The chemotherapy regimen most commonly administered to the 84 patients within 45 days of their death from infectious complications was hyperfractionated cyclophosphamide, vincristine, doxorubicin and dexamethasone (hyper-CVAD; received by 17 patients (20.2%)). The cytarabine/daunorubicin 7+3 regimen and palliative 6-mercaptopurine, vincristine, methotrexate and prednisone (POMP) were each received by 10 patients (11.9%). Twenty-one (25.0%) patients received no chemotherapy within 28 days of their death, being either in receipt of antibiotic therapy or experiencing disease relapse during this period. Details of the chemotherapy regimens administered within 45 days of the death of those patients who died of infectious complications are summarized in Table 1.
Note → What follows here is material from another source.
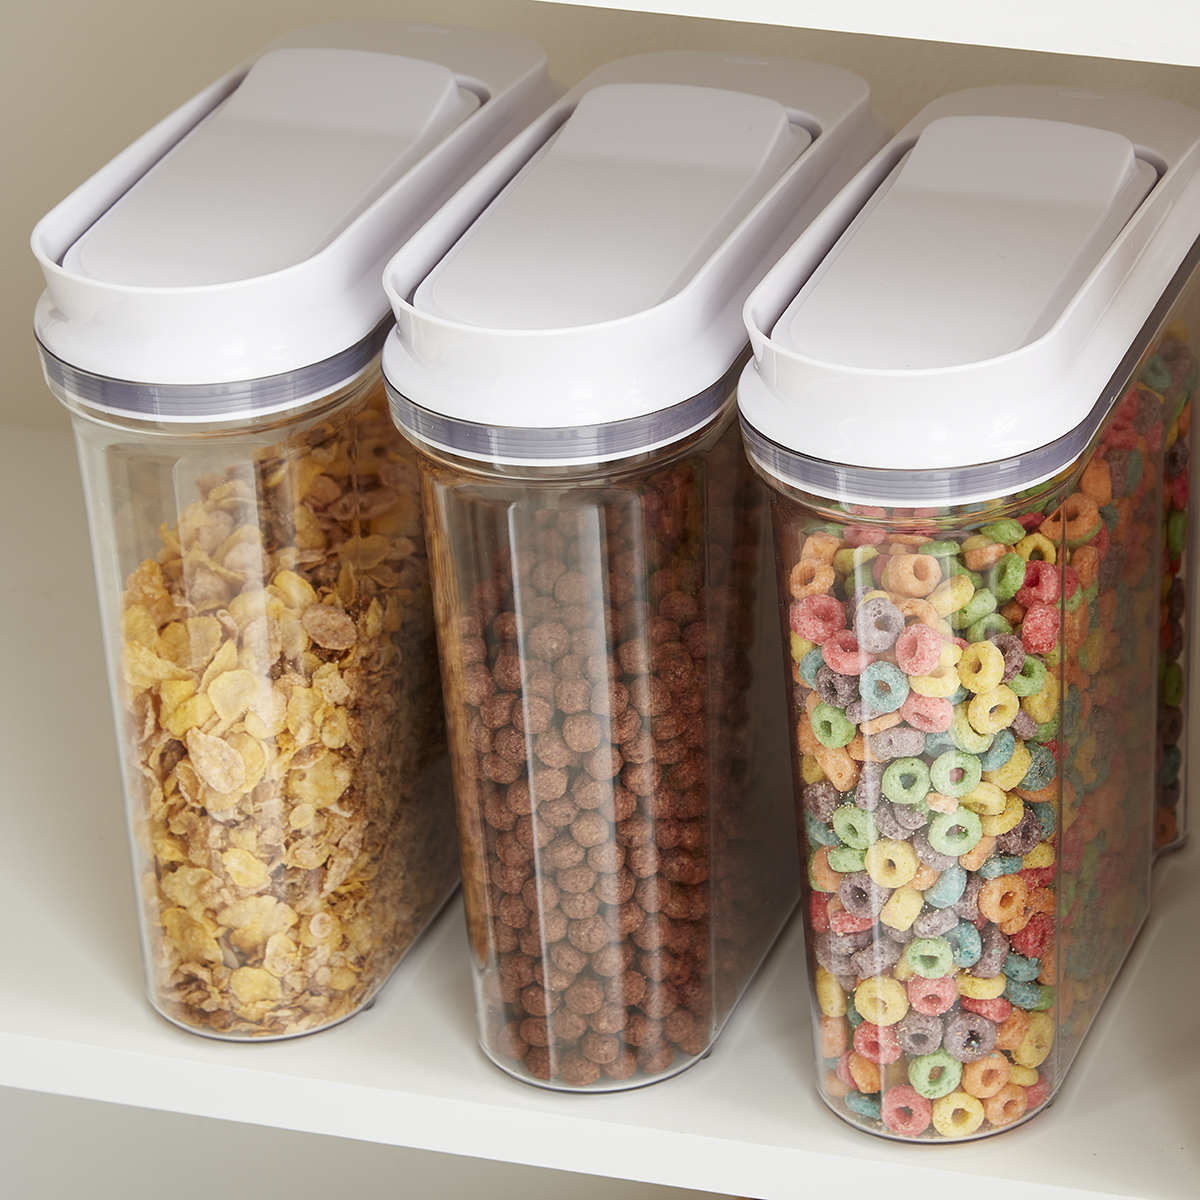 https://www.containerstore.com/catalogimages/357266/GW_18_Pantry-Hyacynth-Bins_Details_R.jpg

In 59 (70.2%) of the 84 patients who died of infectious complications, death occurred during an episode of febrile neutropenia in a median of 11 days (range 0 - 64 days) from the last dose of chemotherapy. All patients received antibiotics and granulocyte colony-stimulating factor. Forty-eight patients (58.3%) presented at the intensive care unit (ICU) with septic shock, but only 24 (28.5%) patients actually received ICU treatment. Thirty-three (26.1%) patients declined ICU treatment for economic reasons, while 11 (13%) were transferred to palliative care. A total of 27 (32.1%) patients were ineligible for ICU treatment owing to a high sepsis-related organ failure assessment (SOFA) score [12]; these patients received palliative care.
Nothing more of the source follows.